From the line that contains "Liechtenstein: 1934, LIBA, 6" down to the last line of the listing below, reproduce each line exactly but not the pictures.

Data shown »
########

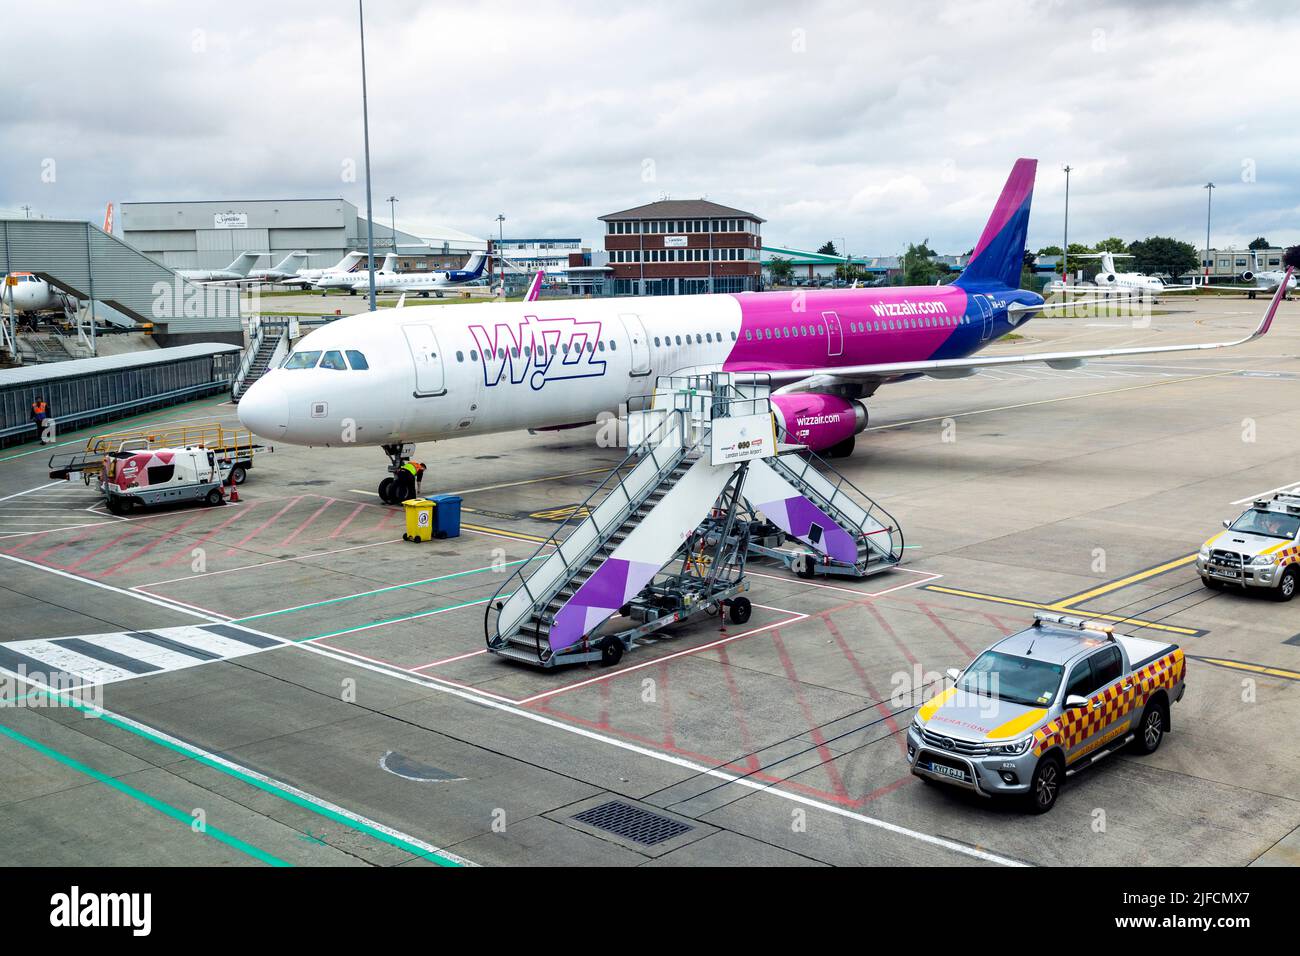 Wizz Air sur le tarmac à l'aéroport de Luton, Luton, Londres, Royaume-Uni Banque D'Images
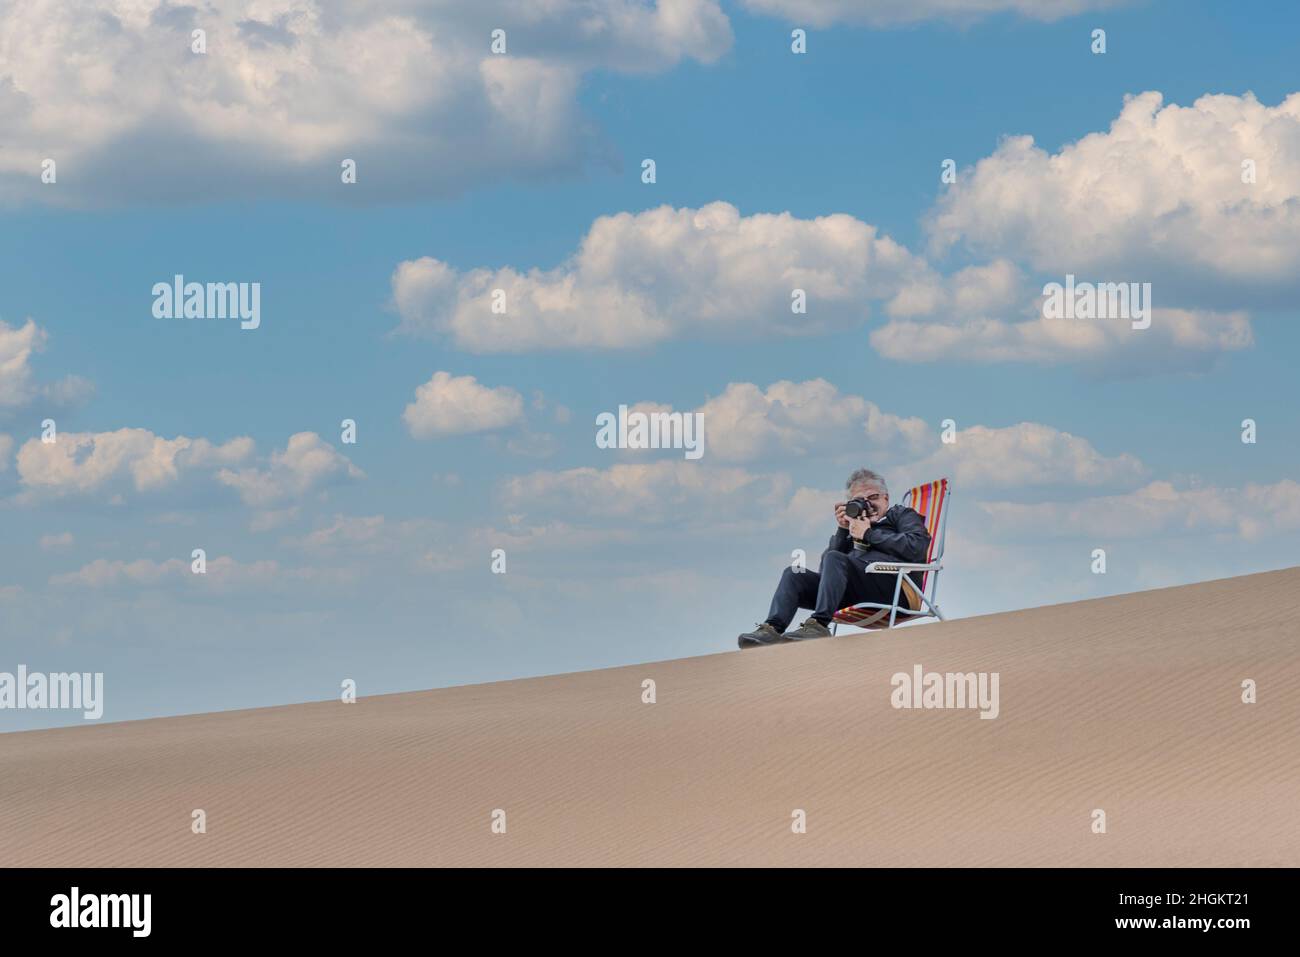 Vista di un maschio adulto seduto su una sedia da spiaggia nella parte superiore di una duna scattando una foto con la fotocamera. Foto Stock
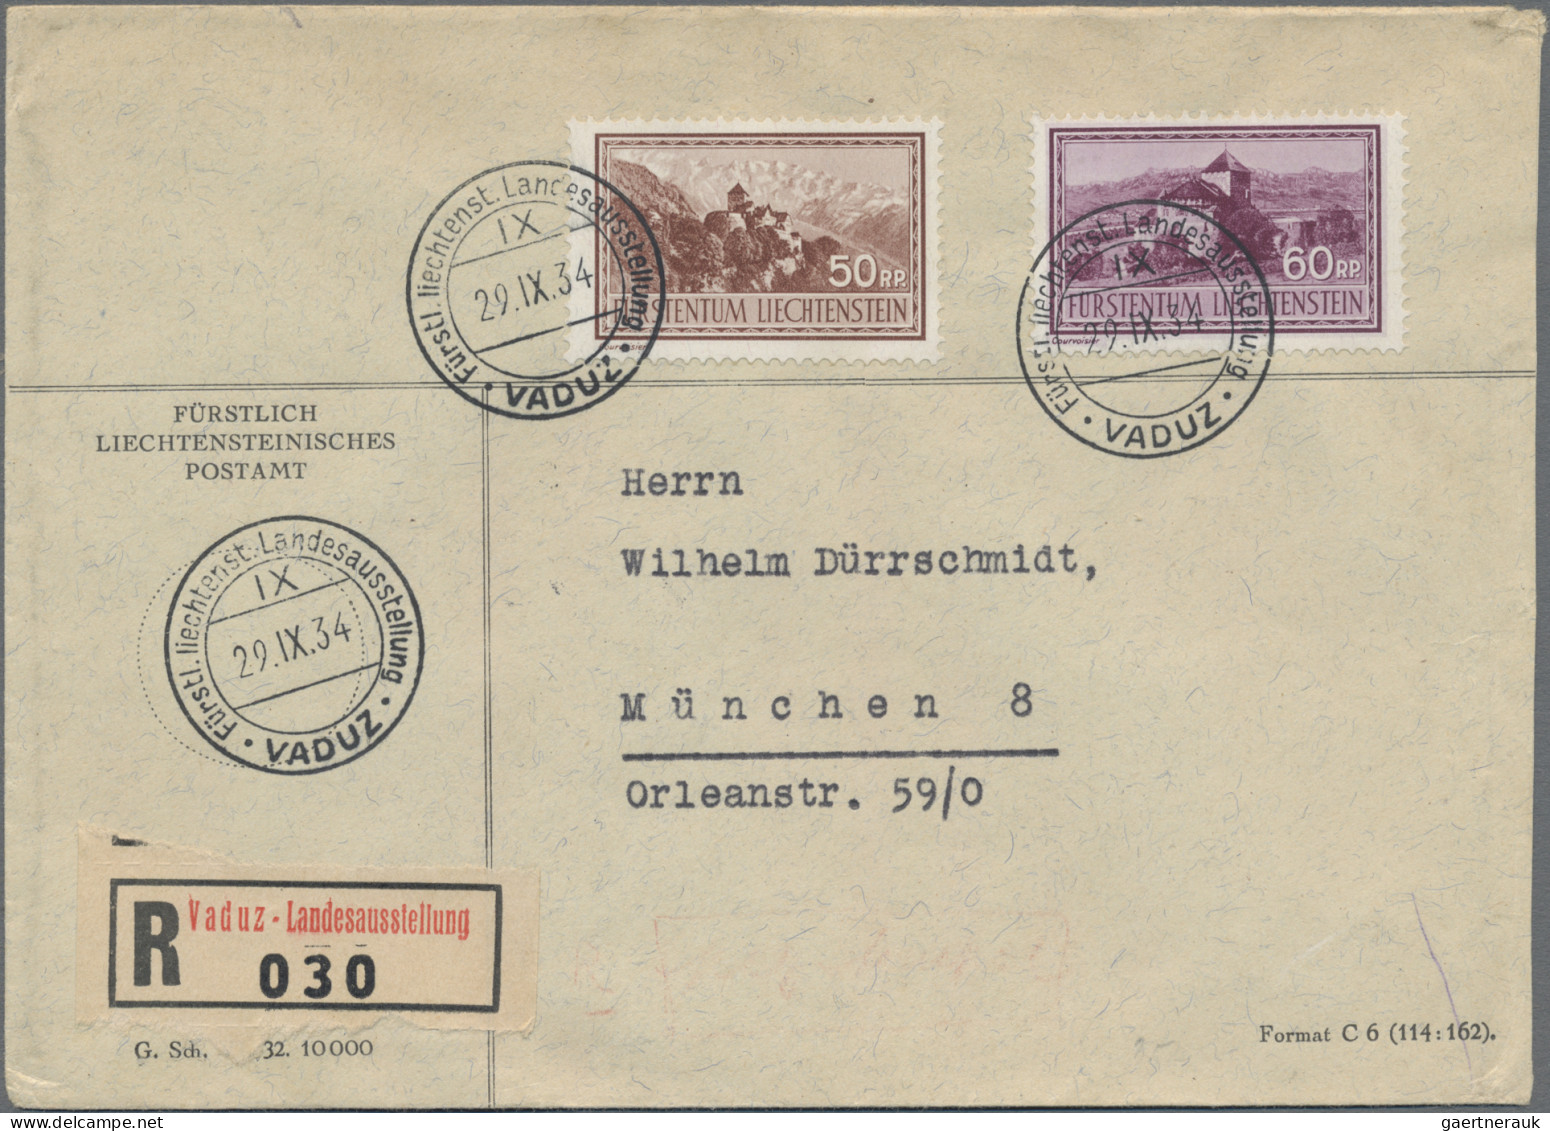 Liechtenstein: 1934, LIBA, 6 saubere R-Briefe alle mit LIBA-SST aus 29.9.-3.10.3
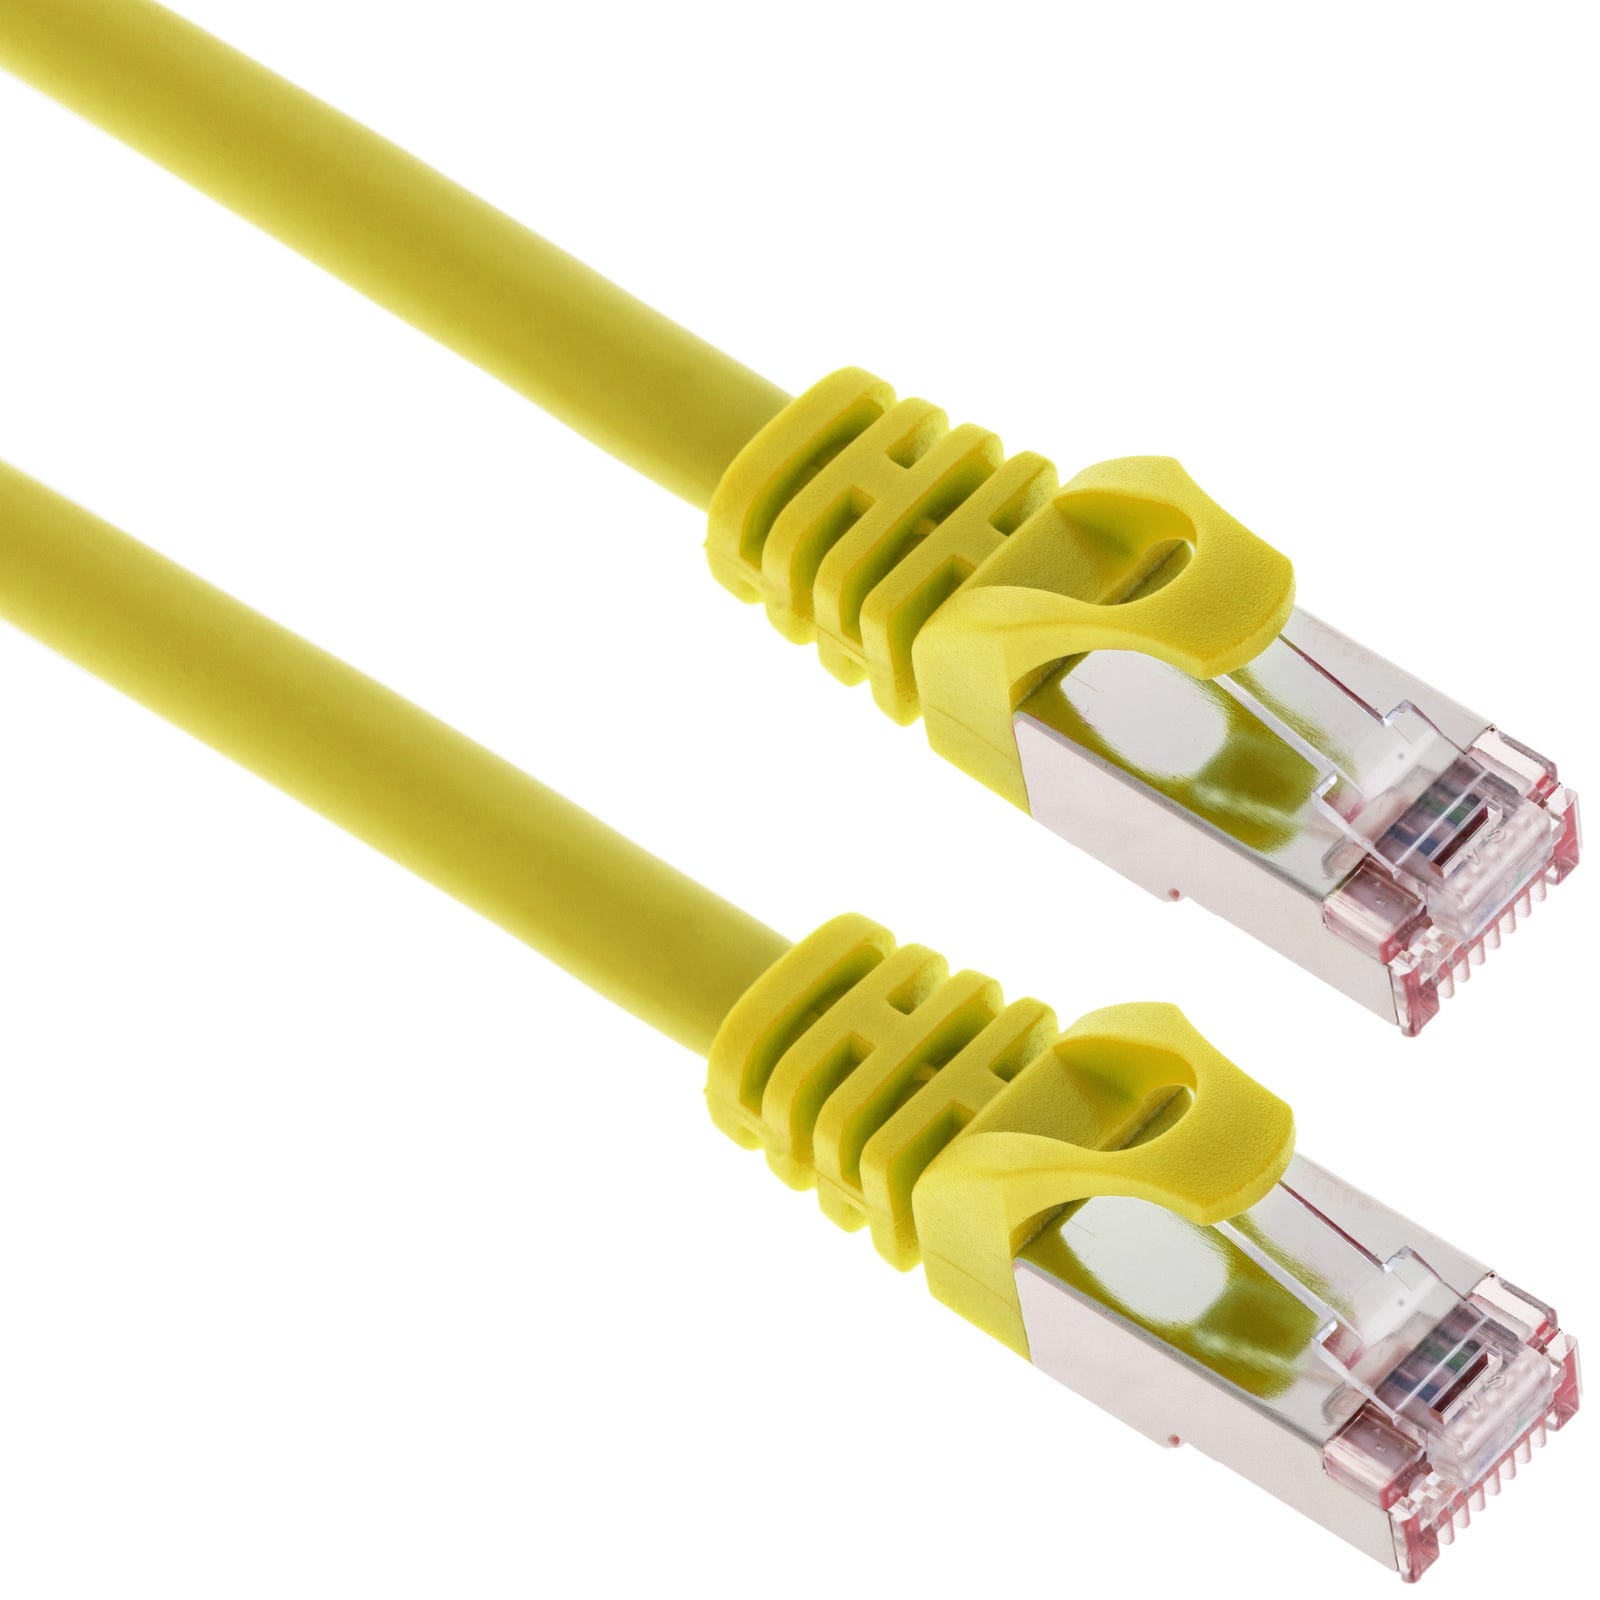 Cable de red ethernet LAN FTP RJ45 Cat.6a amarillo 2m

########

Completed exercise »
 Liechtenstein: 1934, LIBA, 6 saubere R-Briefe alle mit LIBA-SST aus 29.9.-3.10.3
 Cable de red ethernet LAN FTP RJ45 Cat.6a amarillo 2m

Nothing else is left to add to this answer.